Do you find the walnut heavy enough for a chisel handle? I need to make three or four myself and I fancied the London Pattern. I don't need something that weighs a ton, but I do prefer handles a little heavier than those on my Ashley Isles dovetail chisels, for instance. (No I'm not changing those! But they are taking some getting used to.)


----------



## bugbear (22 Dec 2008)

Benchwayze":2r378tu1 said:


> ...chisel handle? I need to make three or four myself and I fancied the London Pattern.



http://www.cornishworkshop.co.uk/chiselhandles.html

BugBear


----------



## Benchwayze (22 Dec 2008)

Thanks BB. Obliged.


----------



## woodbloke (22 Dec 2008)

Benchwayze":212med04 said:


> woodbloke":212med04 said:
> 
> 
> > Got a project coming up where I'm going to need scribing gouge(s) of various sizes.
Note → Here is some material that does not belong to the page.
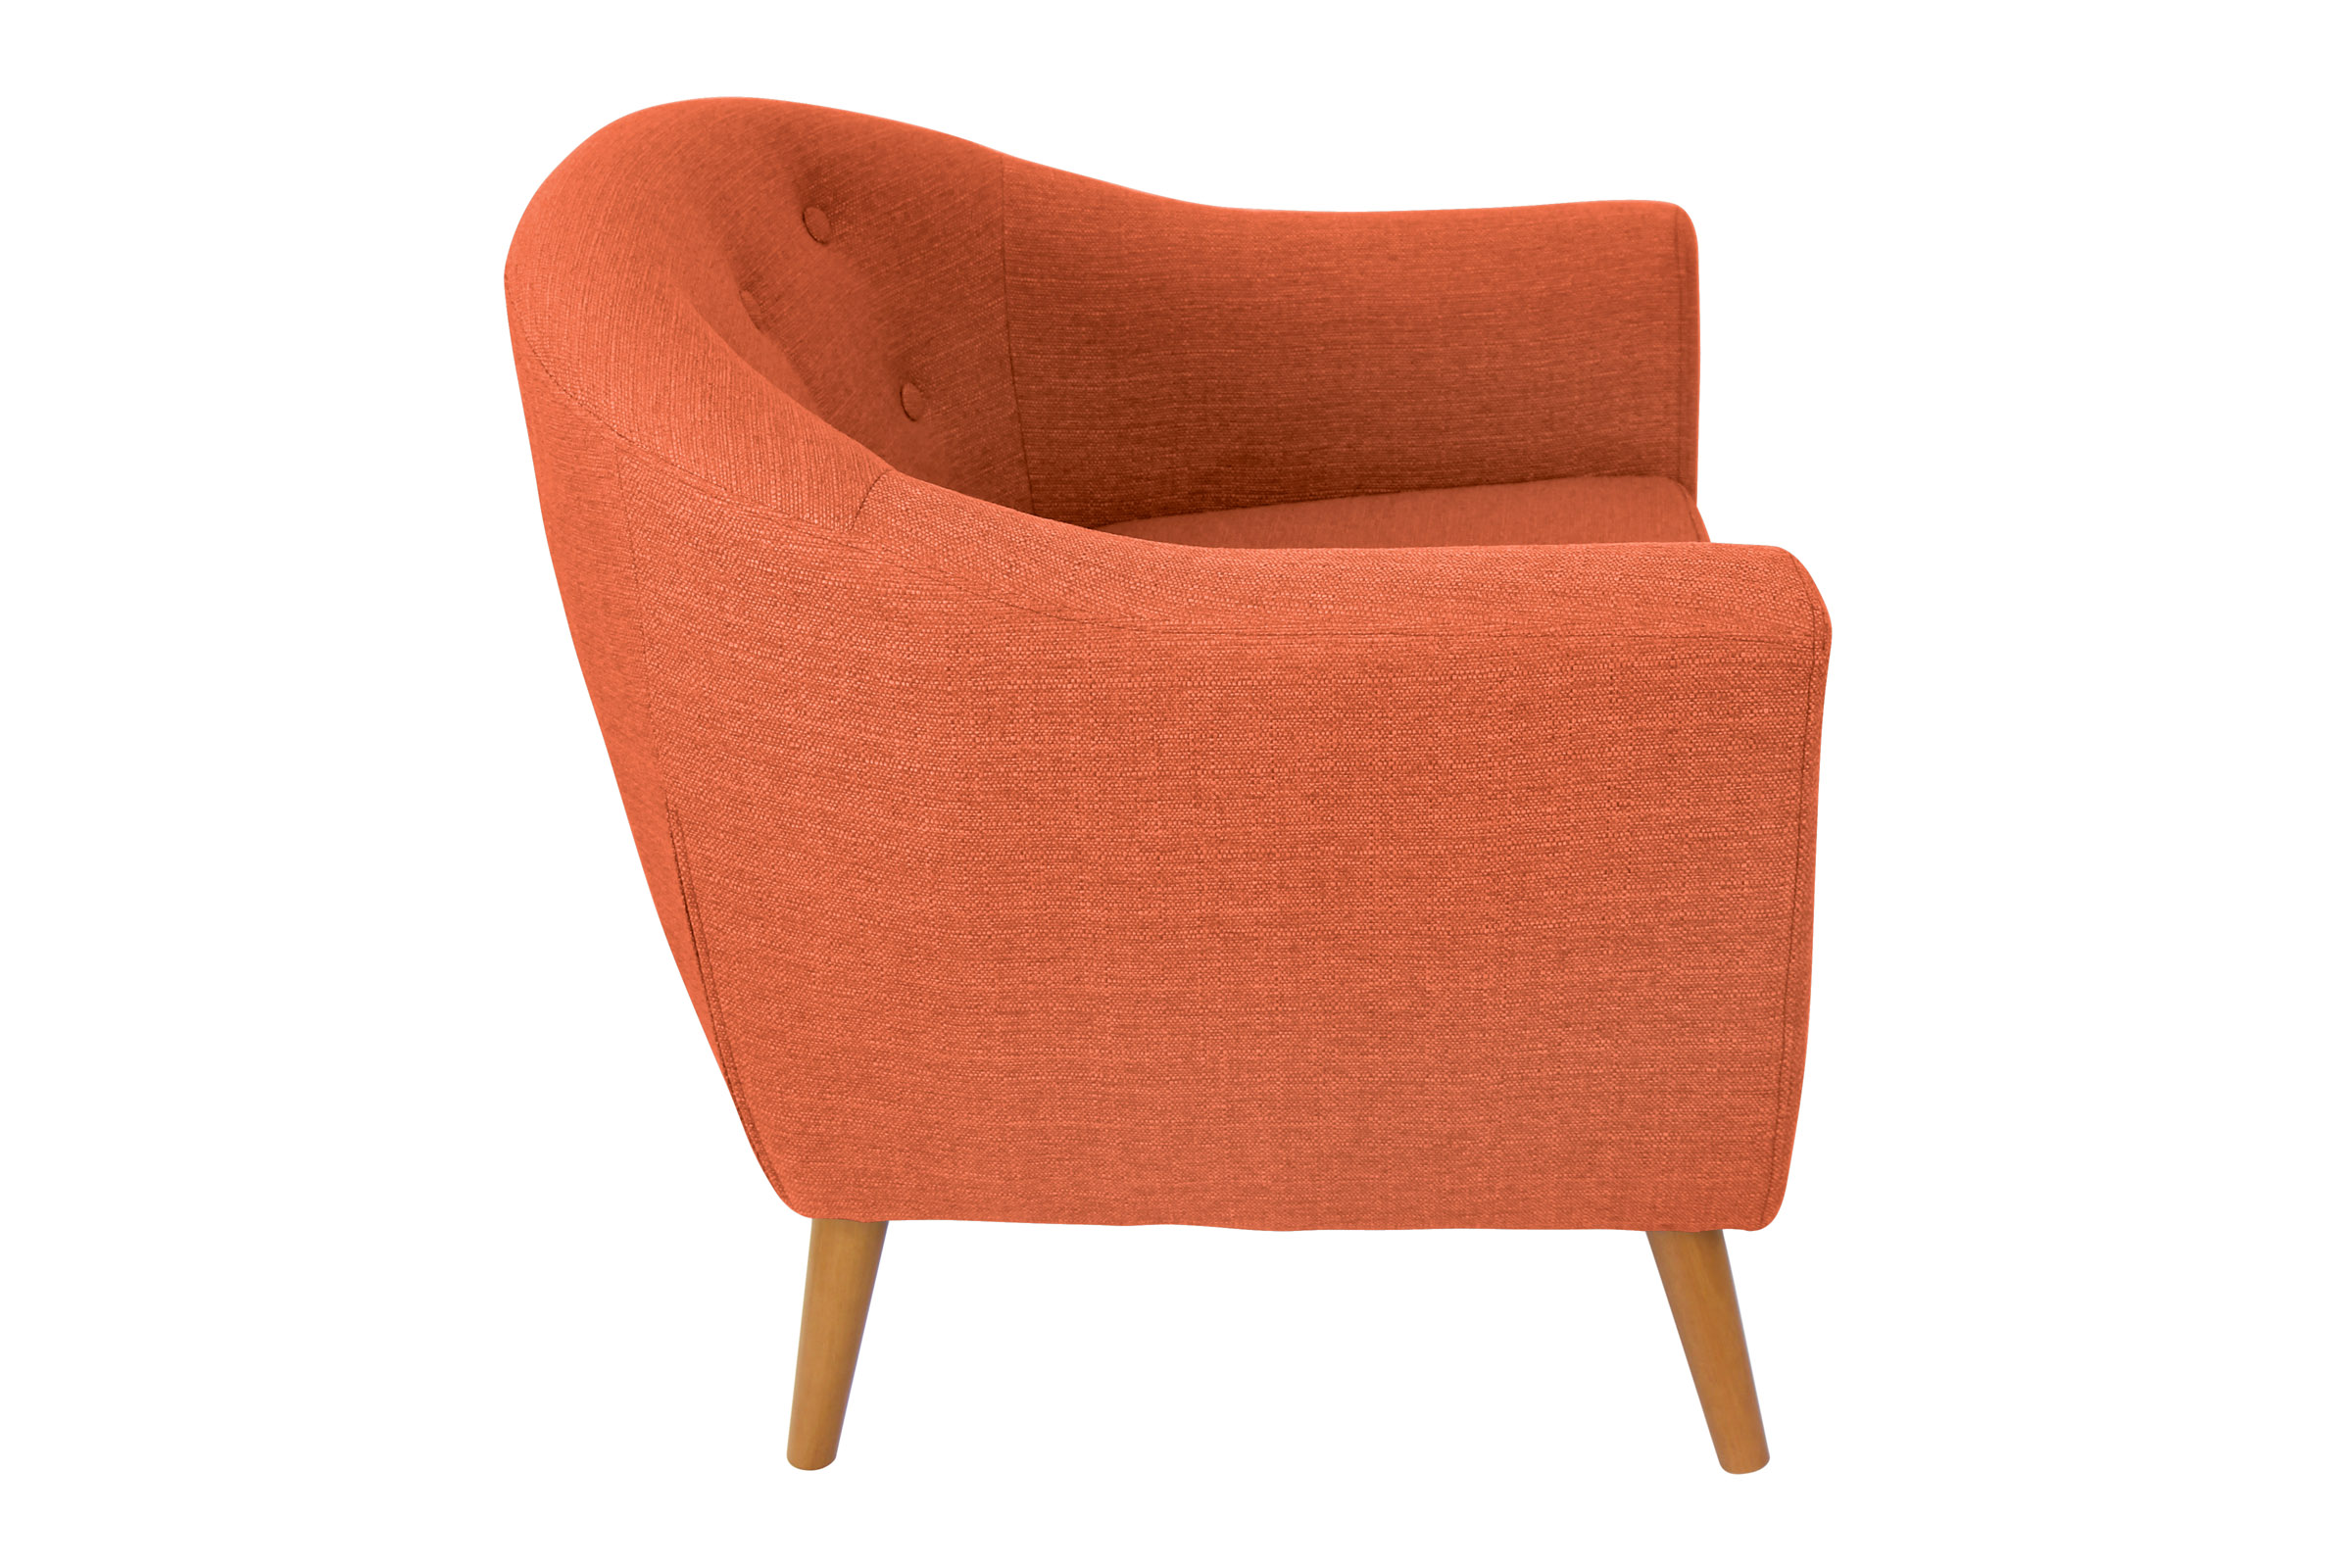 LumiSource Rockwell Orange Chair by LumiSource

Martin the Woodkateer kindly let me have one that I've re-handled in some English Walnut and then re-ground.
> ...



John - I've used some oddments of English Walnut to make London pattern octagonal handles. I can't say the weight has been a huge issue with me. I like them 'cos they look purdy and don't roll off the bench  BB's link to ABOLPCH (Alf's Best Octagonal London Pattern Chisel Handle) is the one I used, once you get into the swing of making one, they can be knocked out in about 20 mins and I'm not a turner - Rob


----------



## Benchwayze (22 Dec 2008)

Cheers Bob.. Yes, I followed the link.. As you say, a practical design for a tool-handle.

Have a a good holidy. I am shutting up shop till the New Year!  
ccasion5:


----------